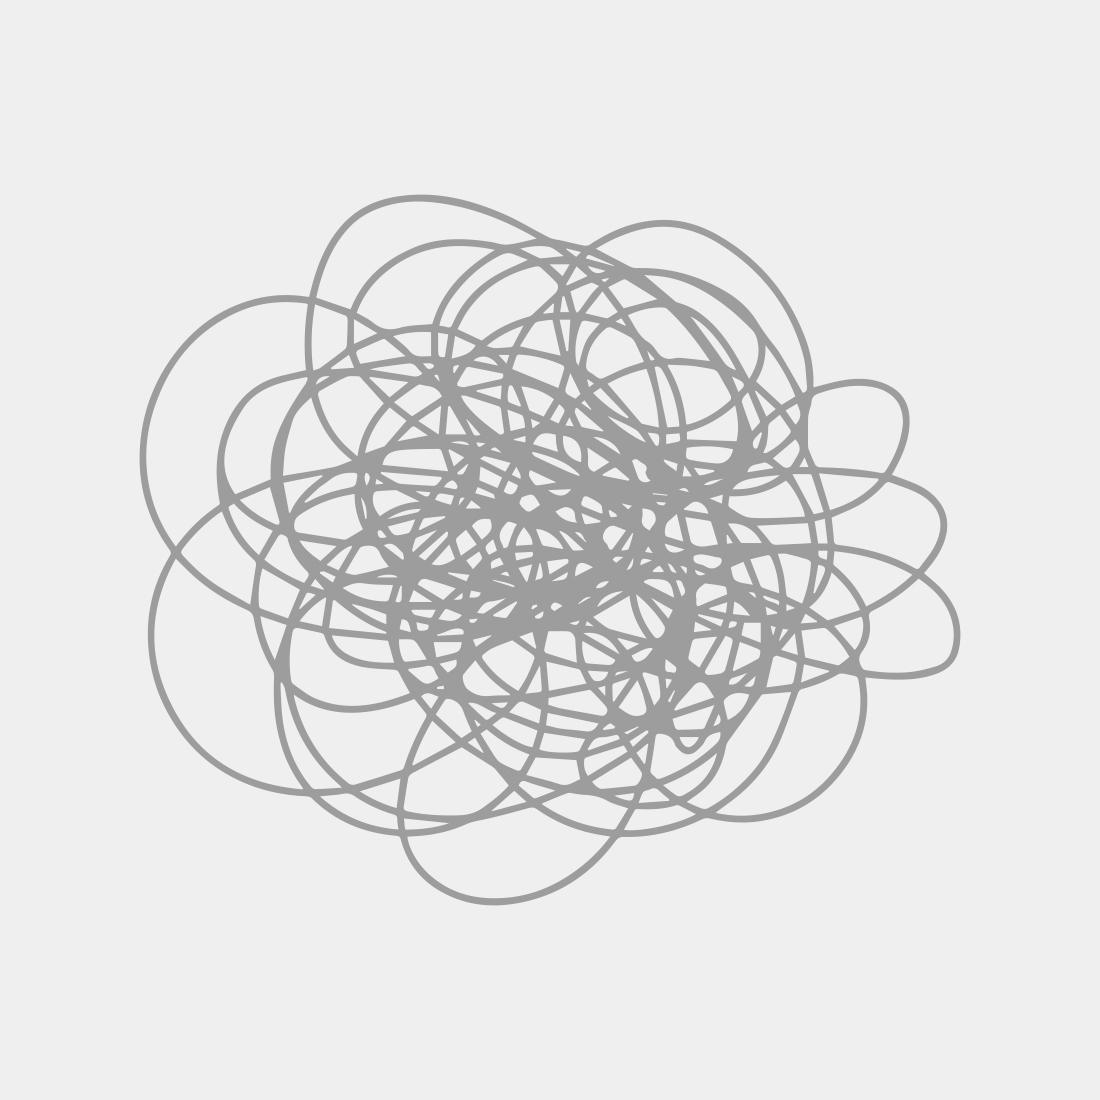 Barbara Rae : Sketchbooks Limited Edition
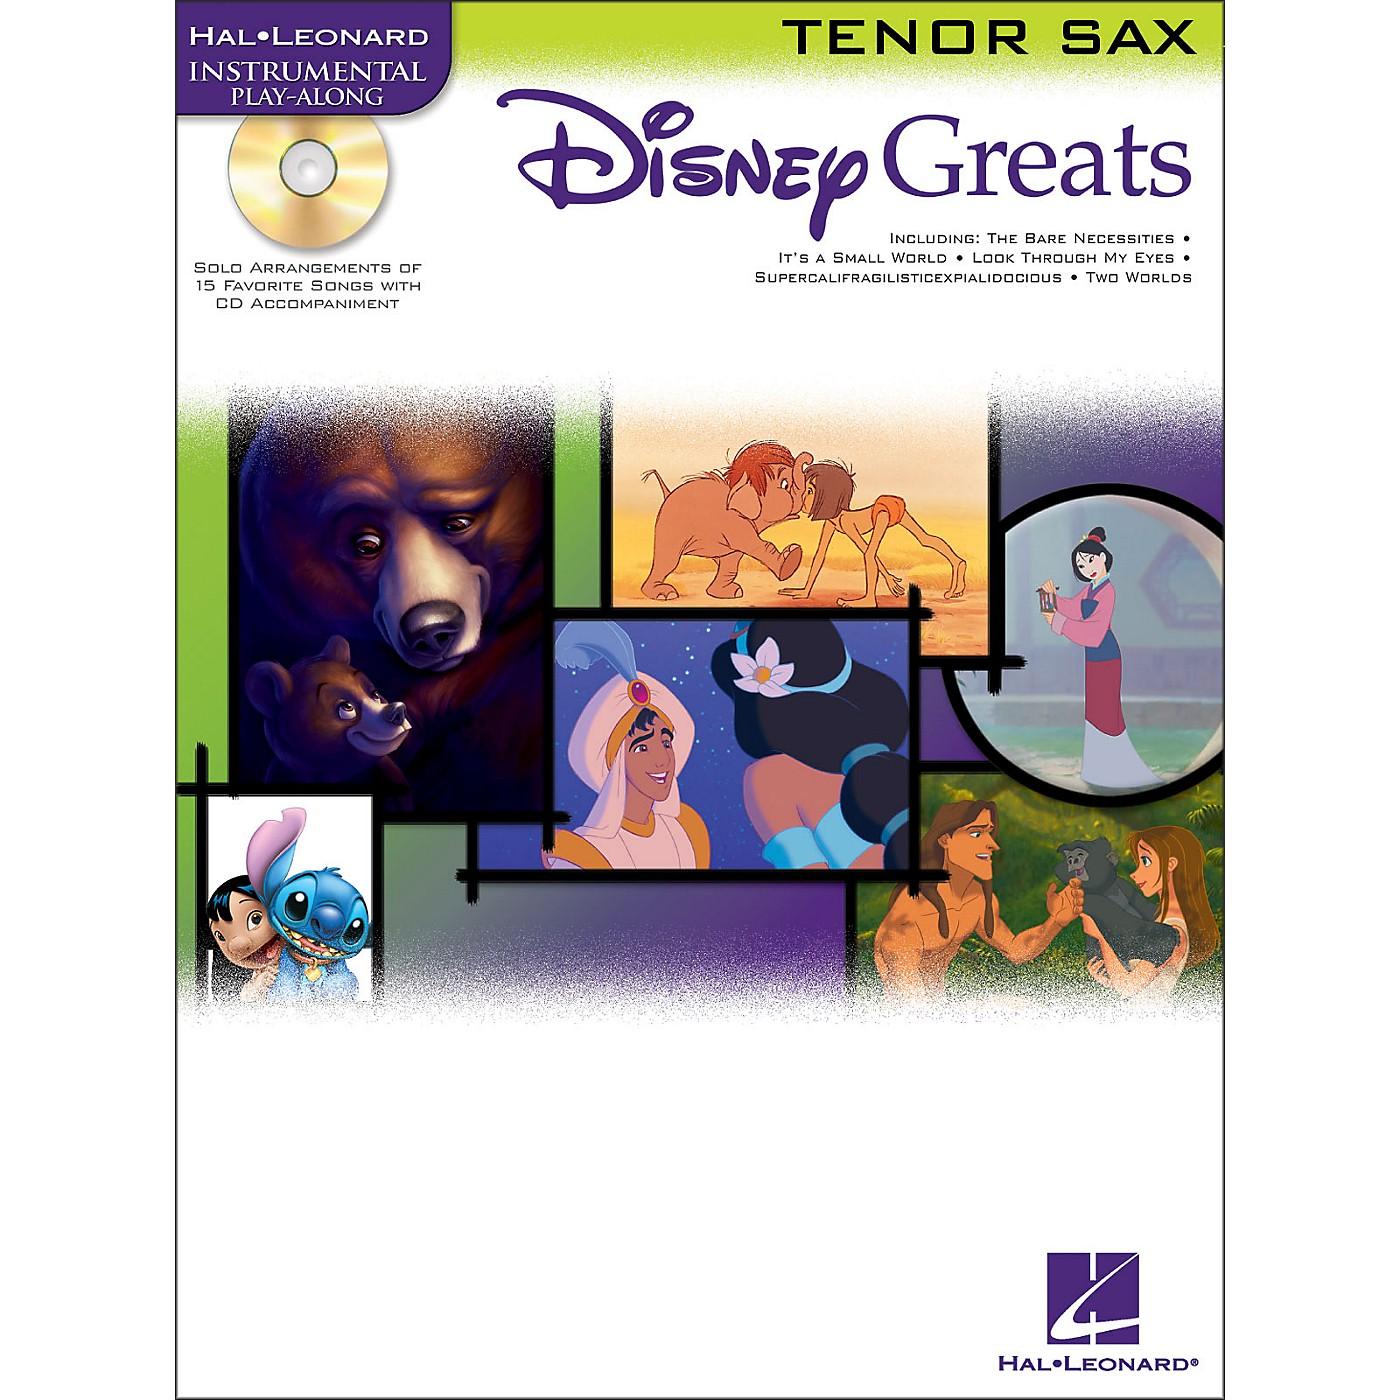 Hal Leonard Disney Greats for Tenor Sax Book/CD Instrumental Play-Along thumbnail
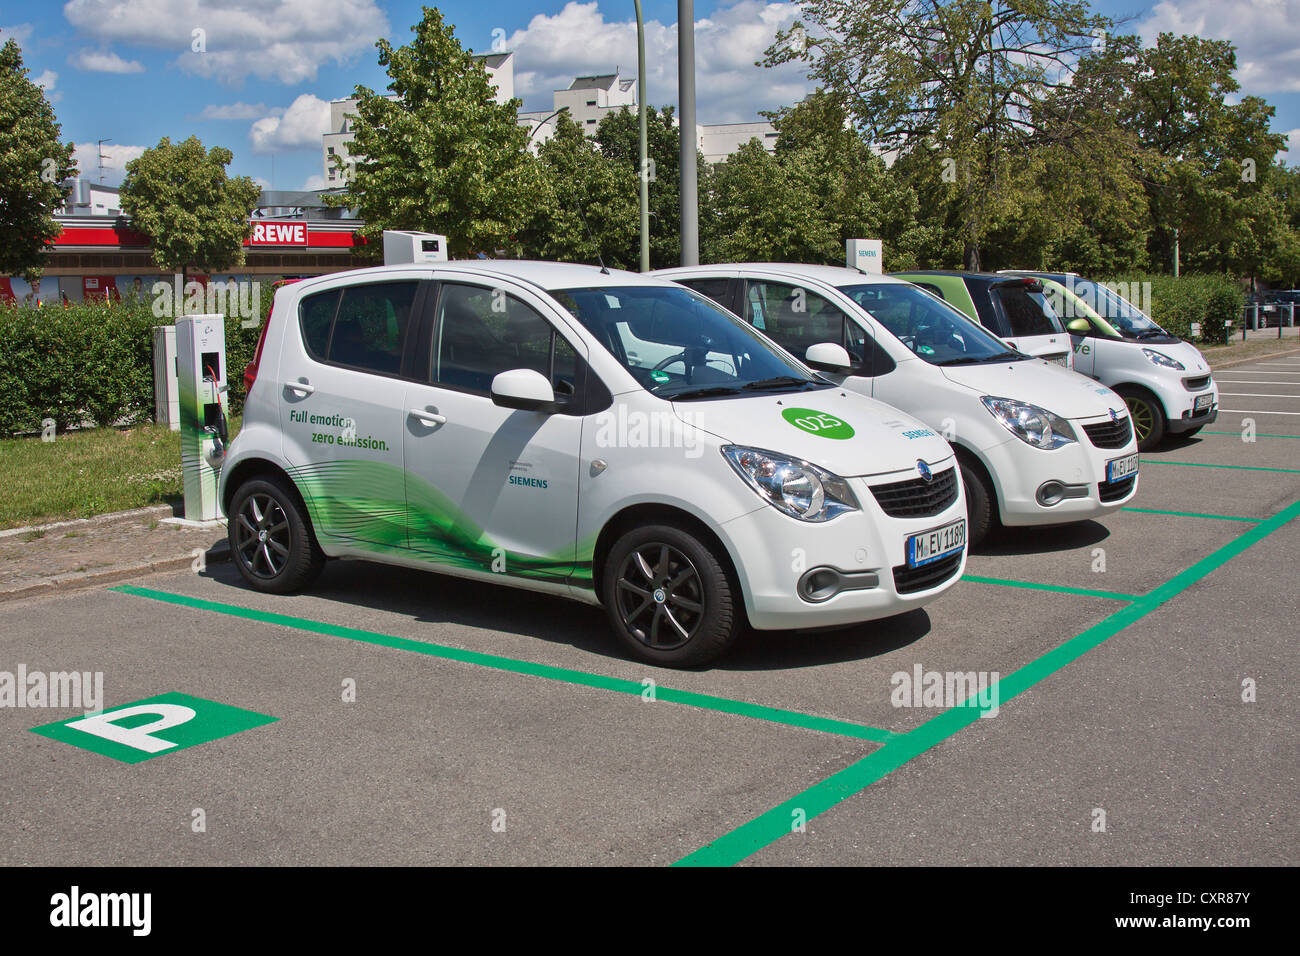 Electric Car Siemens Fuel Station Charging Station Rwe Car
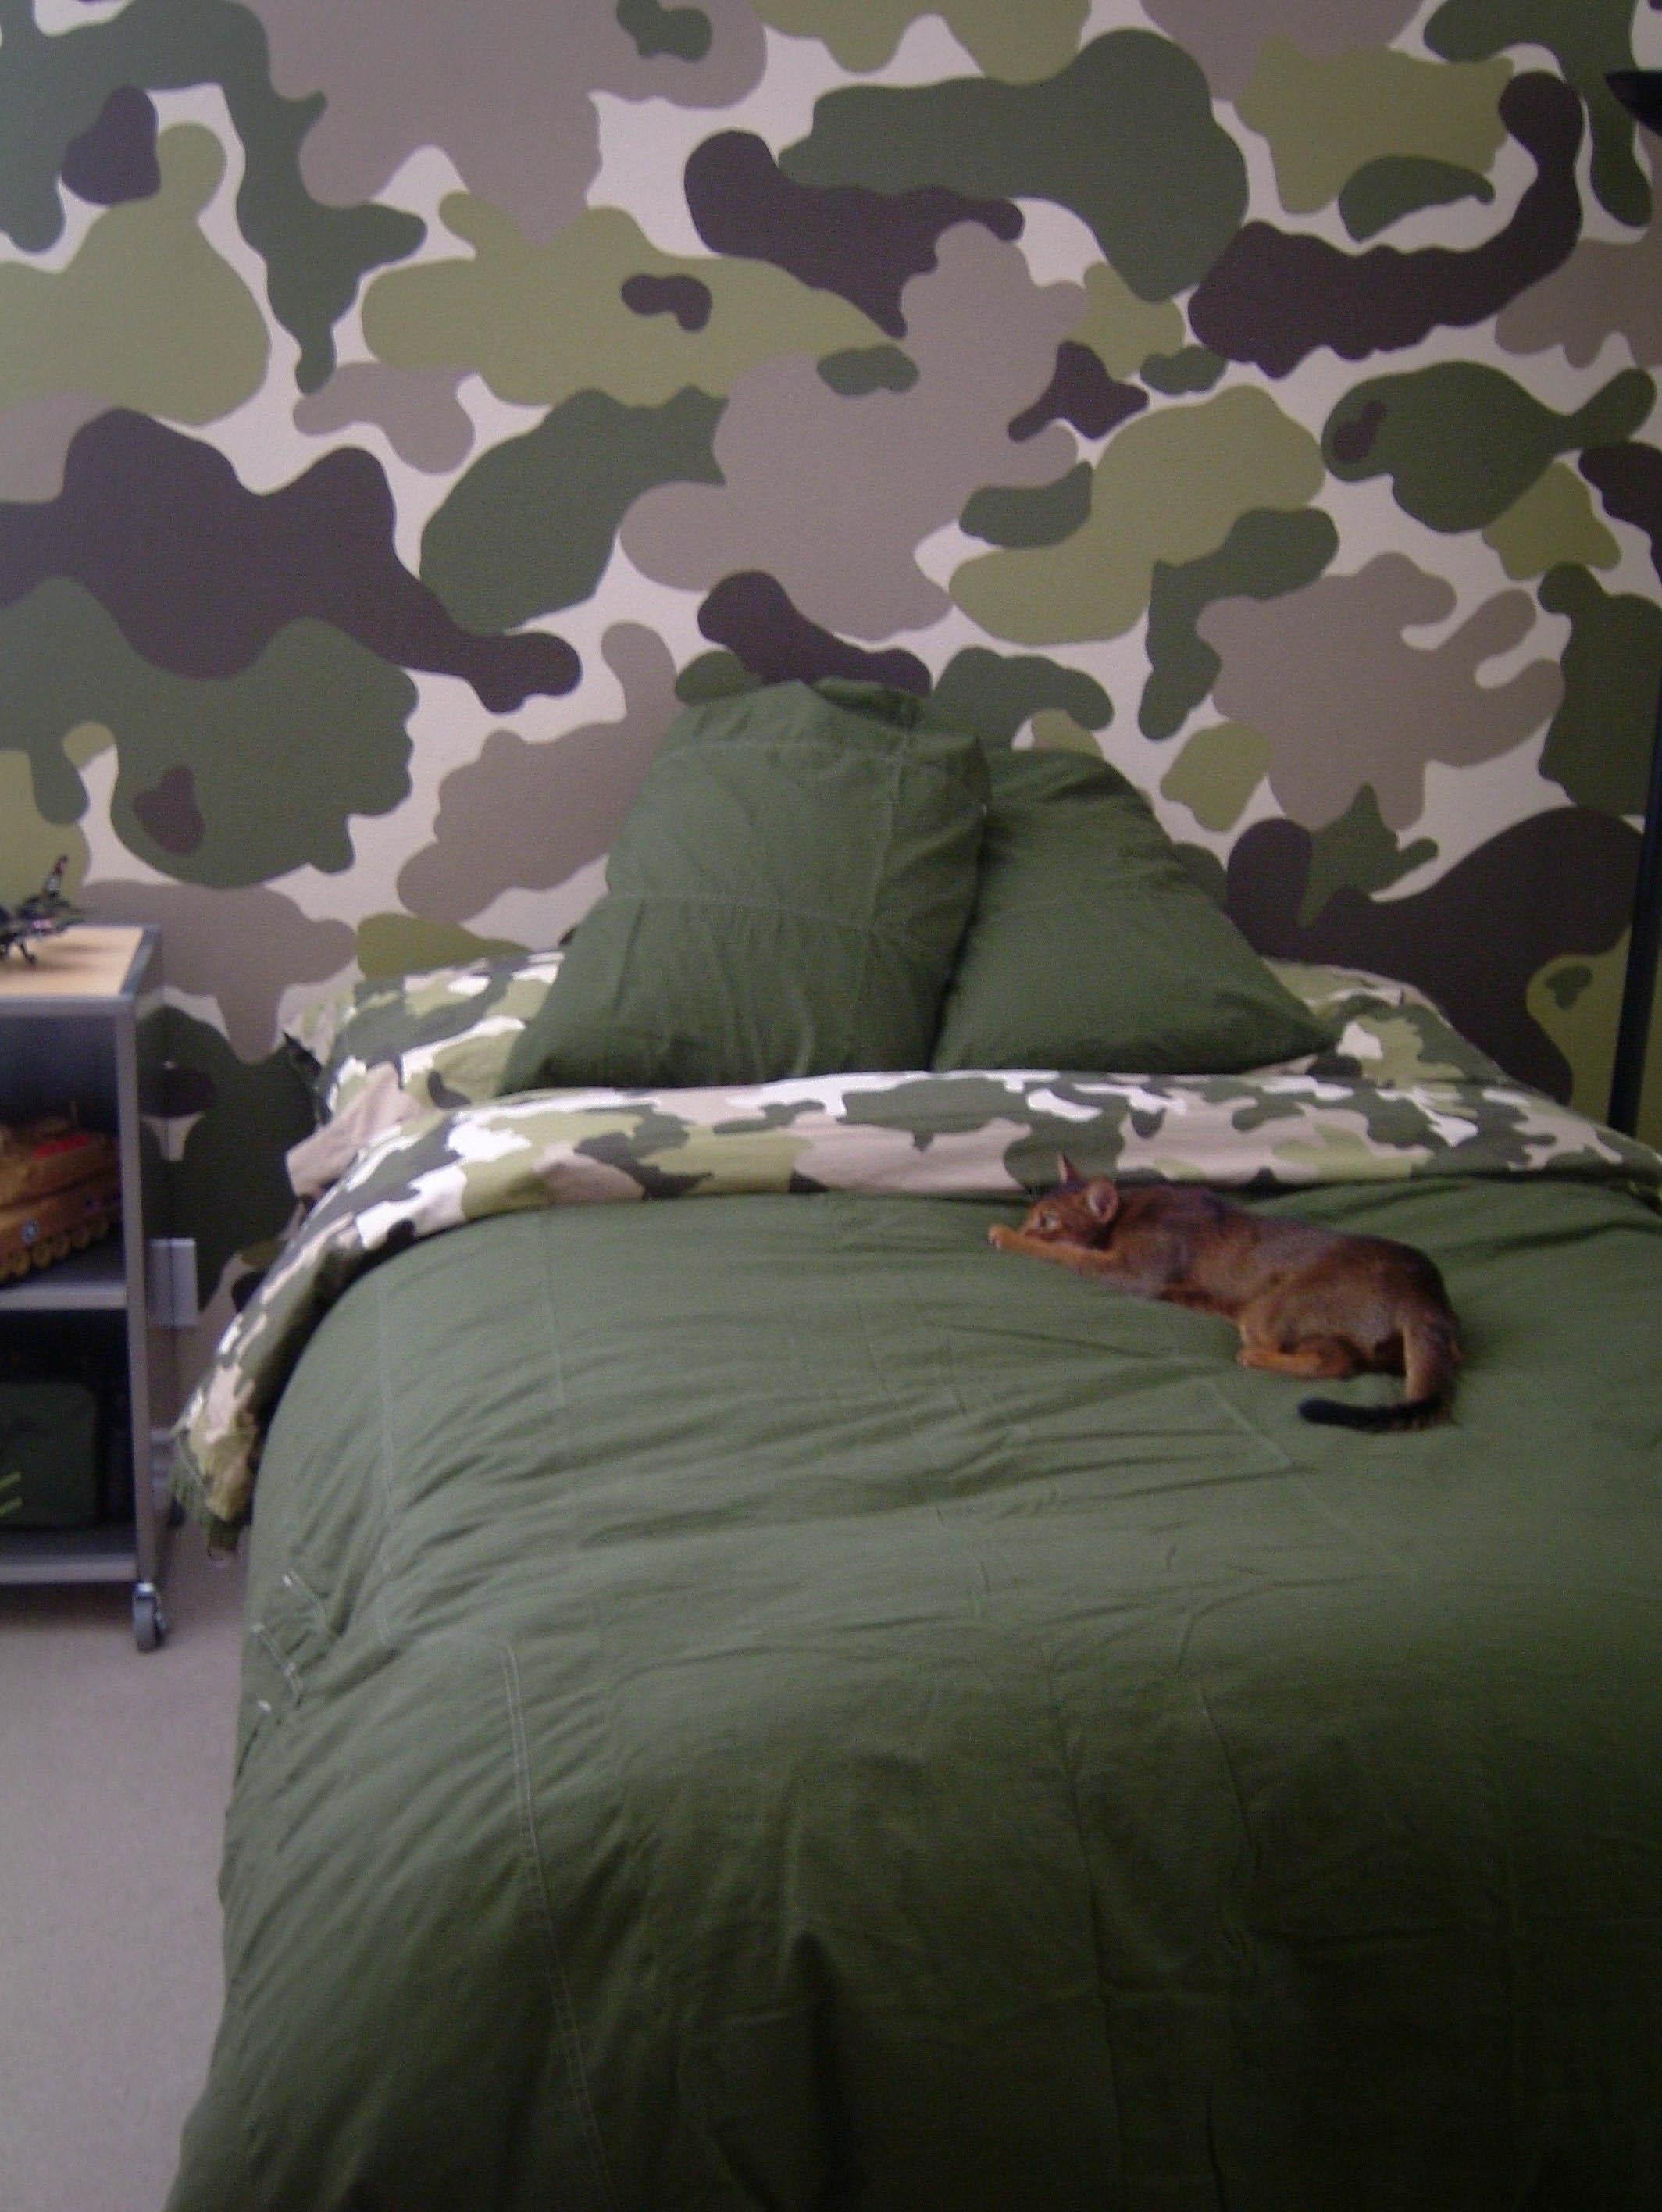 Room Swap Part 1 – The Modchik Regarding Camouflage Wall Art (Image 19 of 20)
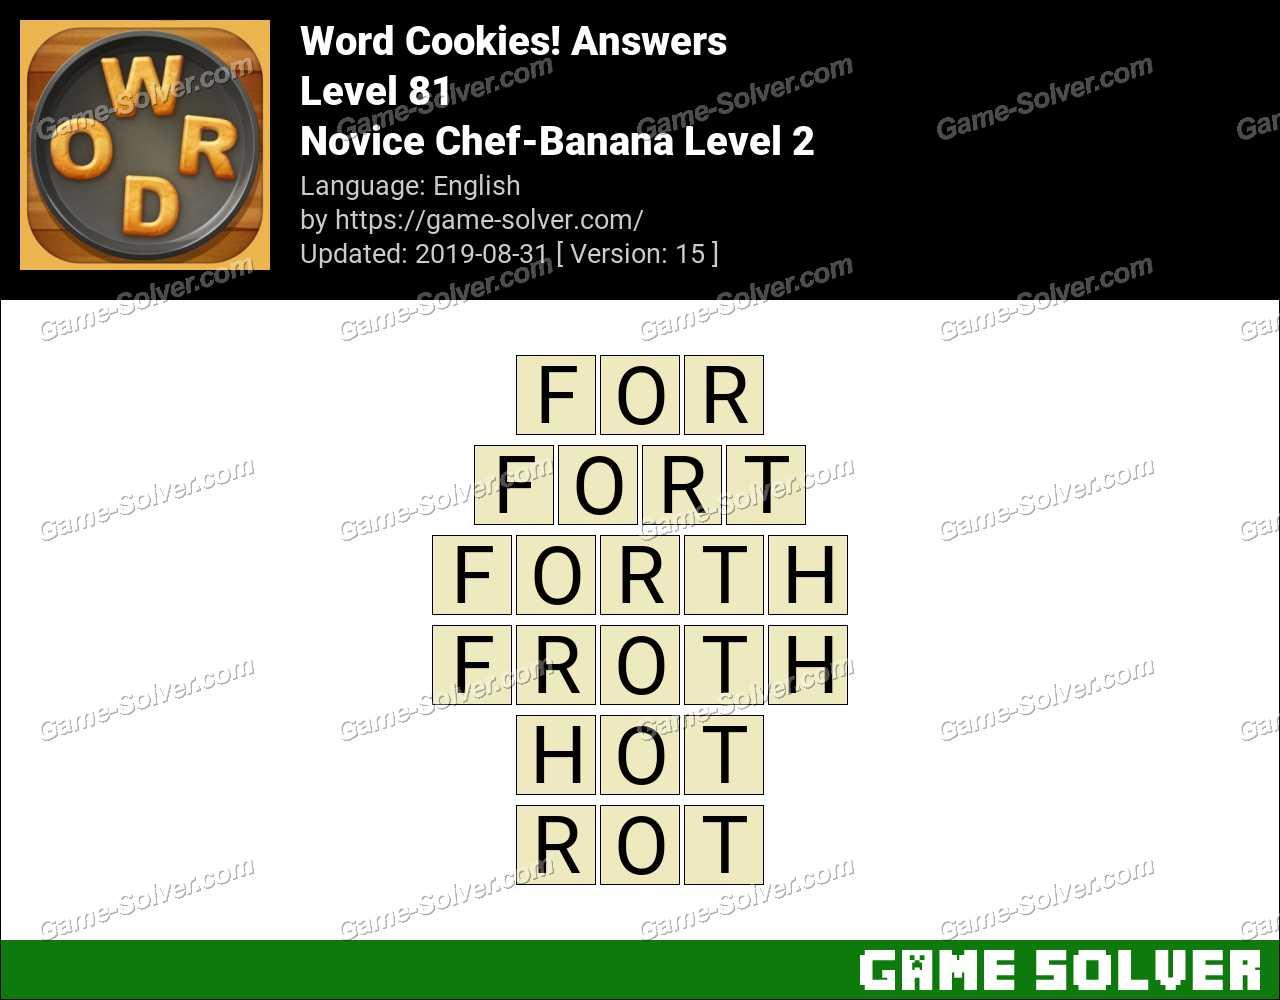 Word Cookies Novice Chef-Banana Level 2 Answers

• _Exercise goal_
Output only the lines that run from the line containing "Room Swap Part" to the last line of the data, exactly as they stand and without pictures.

• _Written response_
 Room Swap Part 1 – The Modchik Regarding Camouflage Wall Art (Image 19 of 20)
 Word Cookies Novice Chef-Banana Level 2 Answers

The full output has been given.